Former Washington state Auditor Troy Kelley (left) walks through a lobby at the federal courthouse in Tacoma on Friday. (AP Photo/Ted S. Warren)

Former Washington state Auditor Troy Kelley (left) walks through a lobby at the federal courthouse in Tacoma on Friday. (AP Photo/Ted S. Warren)

Former Washington state auditor sentenced to year in prison

Troy Kelley was convicted on fraud and other charges related to his real estate escrow business.

  • By RACHEL LA CORTE Associated Press
  • Saturday, June 30, 2018 6:13am
  • Northwest

By Rachel La Corte / Associated Press

OLYMPIA — Former Washington state Auditor Troy Kelley was sentenced Friday to a year in prison following his December conviction on fraud and other charges related to when he ran a real-estate escrow services business during the height of last decade’s housing boom.

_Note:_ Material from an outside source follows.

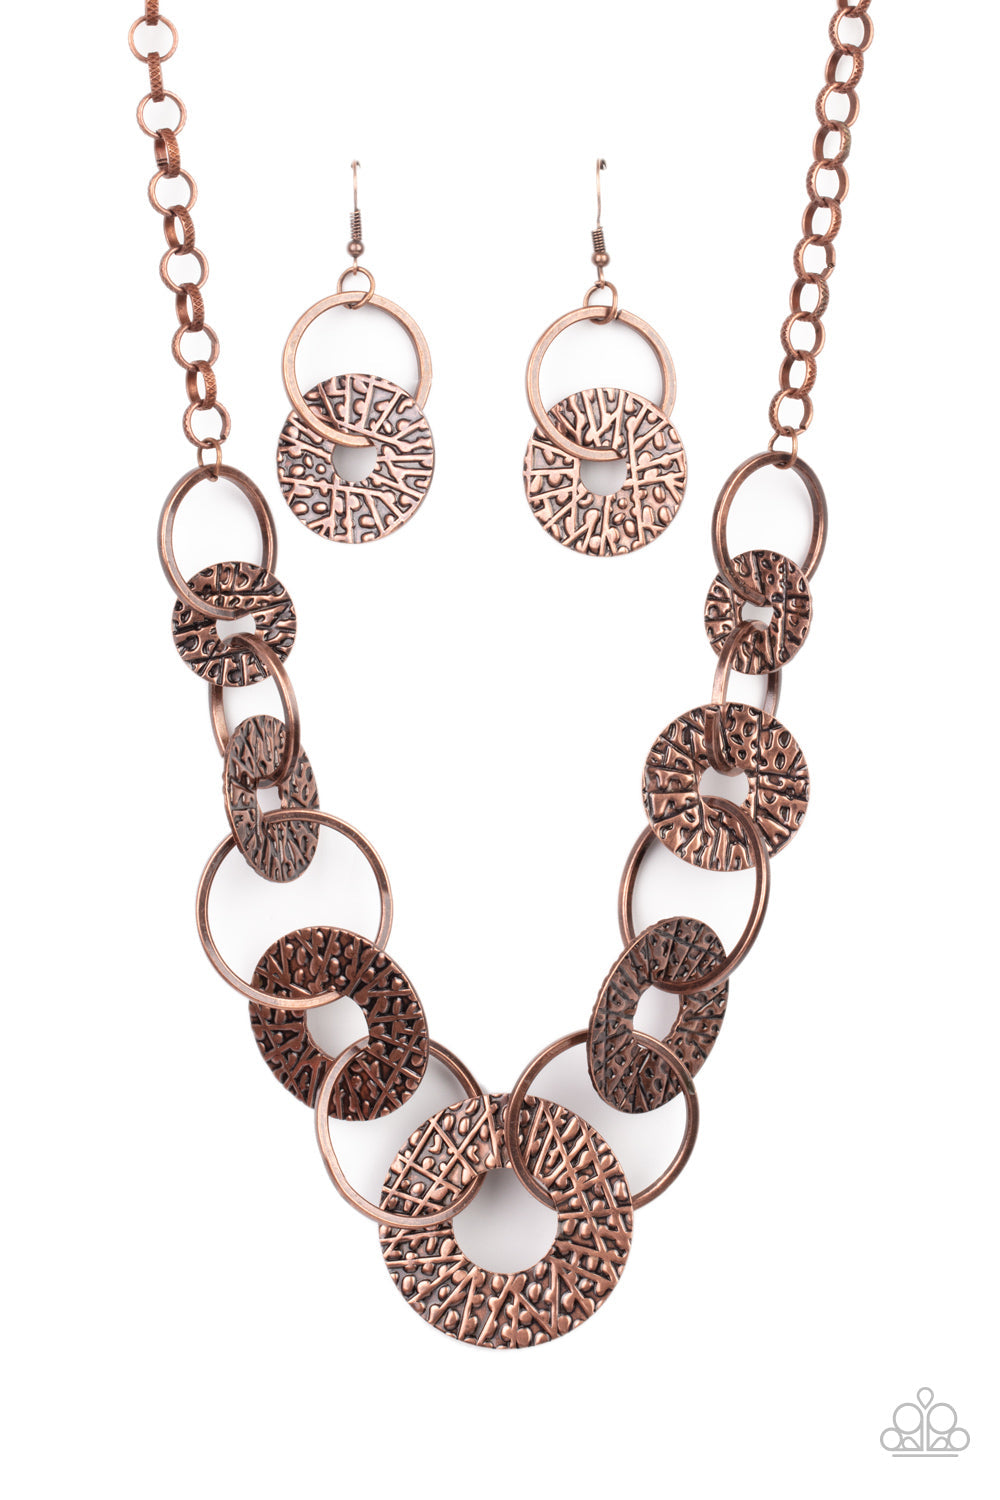 ​Industrial Envy - Copper Necklace - Paparazzi Accessories - Gradually increasing in size near the center, a collection of antiqued copper rings and abstract hammered discs interlock below the collar for an intense industrial look. Features an adjustable clasp closure. Sold as one individual necklace. Includes one pair of matching earrings.

The sentencing comes after Kelley’s second trial, when he was found guilty of eight felonies, including possession of stolen property, making false declarations under oath and tax fraud. The sentence of 12 months and one day, followed by a year of supervised release, was issued by U.S. District Judge Ronald Leighton after a nearly two-hour hearing.

His first federal fraud trial last year ended with an acquittal on one count and a deadlocked jury on more than a dozen others. The charges stemmed from Kelley’s operation of a business that tracked escrow paperwork for title companies.

Before sentencing, Kelley told the judge his “life has been torn to pieces for everyone to see.”

“I want to go back to work. I want to try and provide for my family. I want to look to the future,” he said, adding that he will never “do anything to make myself vulnerable like this again.”

“I don’t believe I need jail to teach me that,” he said.

Leighton said it was a “tragic and sad day,” but he said that Kelley “found a vehicle to acquire wealth and what he did was known by him to be wrong.”

“Somebody who has done nothing doesn’t bank in that way, doesn’t forge documents. And so he is guilty of this crime,” he said. “He also has and will continue to suffer mightily, and for that he has my sympathy.”

After the sentencing, Kelley’s attorney, Angelo Calfo, said that Kelley would voluntarily surrender in the coming weeks, and that there’s a possibility they might seek bail pending appeal.

Prosecutors had sought more than seven years, while Kelley’s attorneys had asked the court to sentence him to five years of probation and six months under house arrest. Prosecutors also had sought $1.4 million in forfeiture, which the judge denied. A separate restitution hearing has been scheduled for Sept. 21.

Calfo said that while Kelley was spared a longer sentence, “there’s really little cause for celebration, but there is cause for relief.”

“He doesn’t believe he should have been pursued,” he said. “He doesn’t believe he stole any money.”

Kelley ran a business called Post Closing Department, which tracked escrow paperwork for title companies.

Prosecutors said that to obtain business from the title companies — and access vast sums of money from homeowners — Kelley promised that Post Closing Department would collect $100 to $150 for each transaction it tracked; keep $15 or $20 for itself; use some of the money to pay county recording and other fees if necessary; and refund the customer any remaining money.

In tens of thousands of cases, the additional fees were not needed, but Kelley retained the money anyway, prosecutors said. He refunded the balance only in a few instances when title companies began asking uncomfortable questions or when homeowners were savvy enough to demand it, prosecutors said. Kelley insists he was entitled to keep the money.

One of the companies Kelley worked with, Old Republic Title, sued him for not paying the refunds. Kelley settled the case for $1.1 million after making what prosecutors contend were false statements about his practices under oath.

“It’s important that people who steal money, even in small amounts, one consumer at a time but in large amounts in aggregate, be held accountable for that,” Assistant U.S. Attorney Andrew Friedman told reporters after the sentencing. “It’s particularly important when they’re lawyers, when they’re people in positions of trust, when they’re public officials.”

The first Washington state official indicted in 35 years, Kelley took a seven-month leave of absence after he was charged. He returned to office after the trial, defying bipartisan calls for his resignation, but he decided not to seek re-election as auditor. The position, which is tasked with rooting out waste and fraud in state government, is now held by Democrat Pat McCarthy.